Question

How do you solve `-3x^2 - 9x = 0`?

Answer 1

`x = -3` and `x = 0`

Explanation:

There are two ways to do this:

First Way: Factoring

Now this one is quite nice as we can just remove a common factor from both of them... they are both divisible by `-x`:

`-x(3x + 9) = 0`

Now we need to make this equation `0`, therefore `-x` or `3x +9` must equal `0` as any number multiplied by `0 = 0`...

So we know one solution for `x` must therefore be `0` (as `-(0) * x = 0`, `x` being any number)
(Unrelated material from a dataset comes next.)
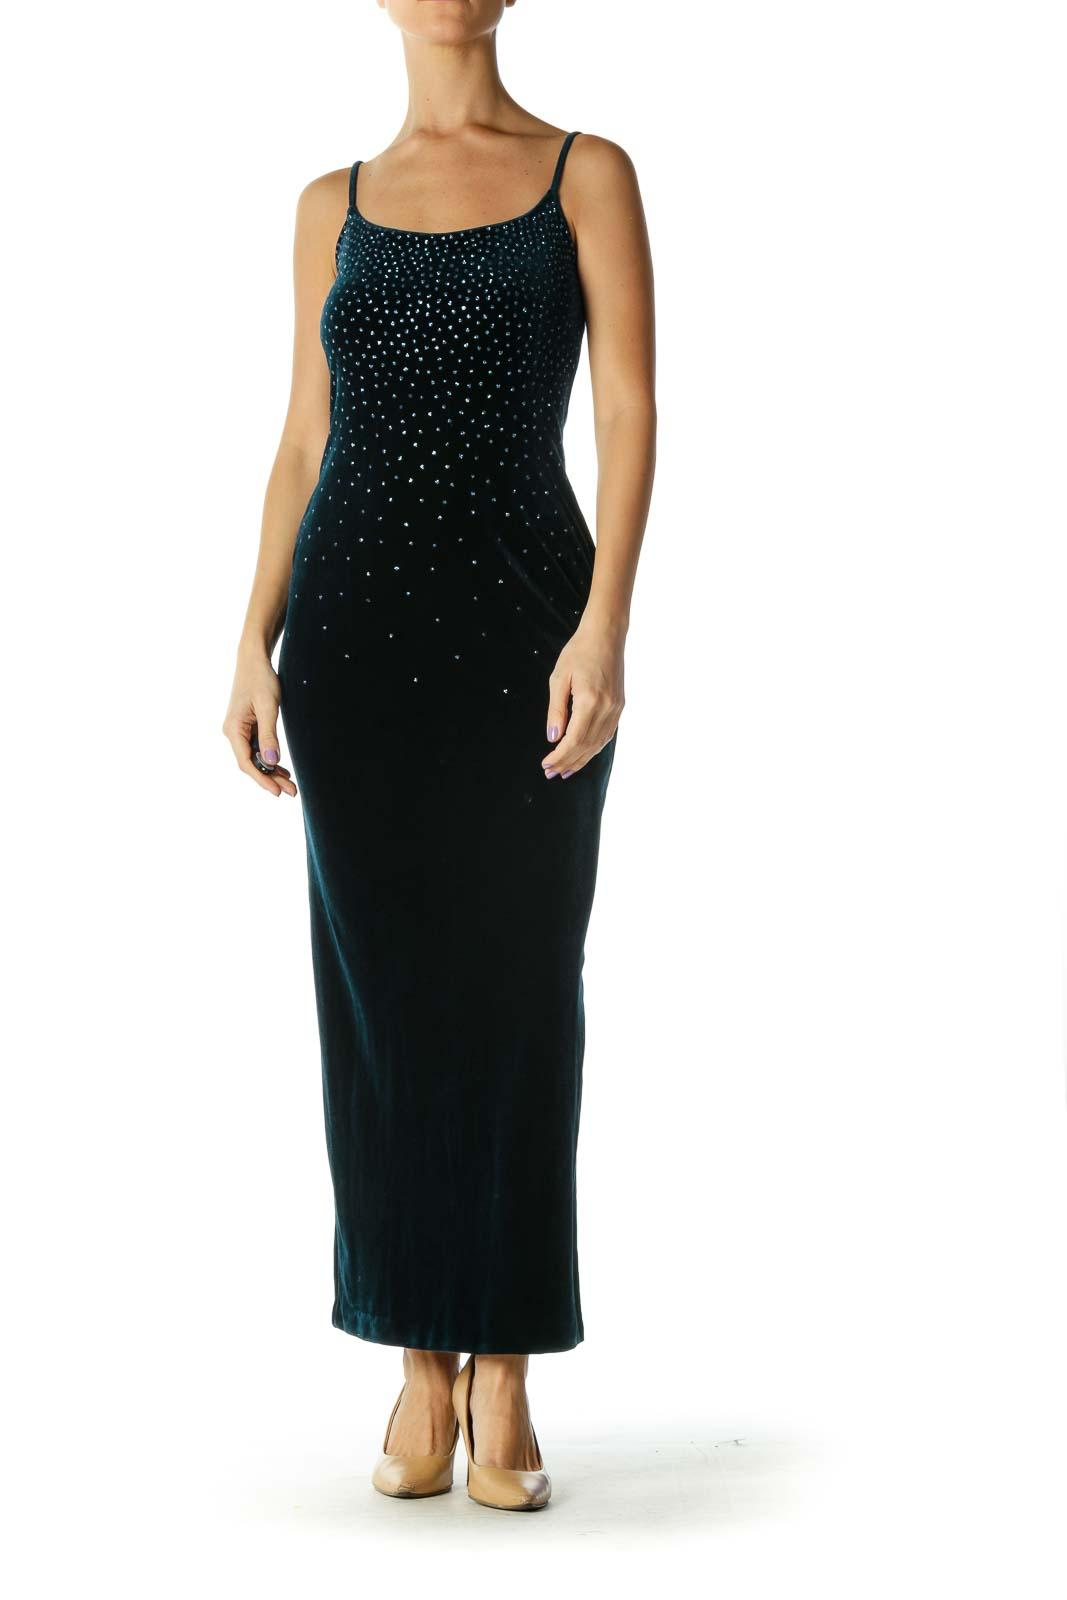 Black Sequin Chic Column Dress Front

we also know that `3x + 9 = 0`, so we can solve this:

`3x + 9 = 0 ->` subtract 9

`3x = -9 ->` divide by 3

`x = -3`

So the two solutions for `x` are `0` and `-3`

Second Way: Quadratic Formula

This way is a bit harder and provides unneccesary difficulty for this question, though shows how the formula can be applied on any quadratic equation:

We know for any equation in the form:

`ax^2 + bx + c = 0`

`x` can be found by the equation:

`x=(-b+- sqrt(b^2 -4ac))/(2a)`

Now in the equation it is less obvious to see as there is no c value but:

`a = -3 ->` as `-3x^2`

`b = -9 ->` as `-9x`

`c = 0 ->` as not specified

Therefore substituting in:

`x=(-(-9)+- sqrt((-9)^2 -4(-3)(0)))/(2(-3))`

`x=(9+- sqrt(81))/(-6)`

`x =(9+-9)/(-6)`

`x=(18)/-6 = -3` and `x=(0)/-6=0`

So the two solutions for `x` are `0` and `-3`

Checking

We can test these solutions by adding them back in:

`-3(0)^2 - 9(0) = 0`

`0 - 0 = 0` ✓

and

`-3(-3)^2 - 9(-3) = 0`

`(-3)(9) + 27 = 0`

`-27 + 27 = 0` ✓

Therefore we know our answers are right.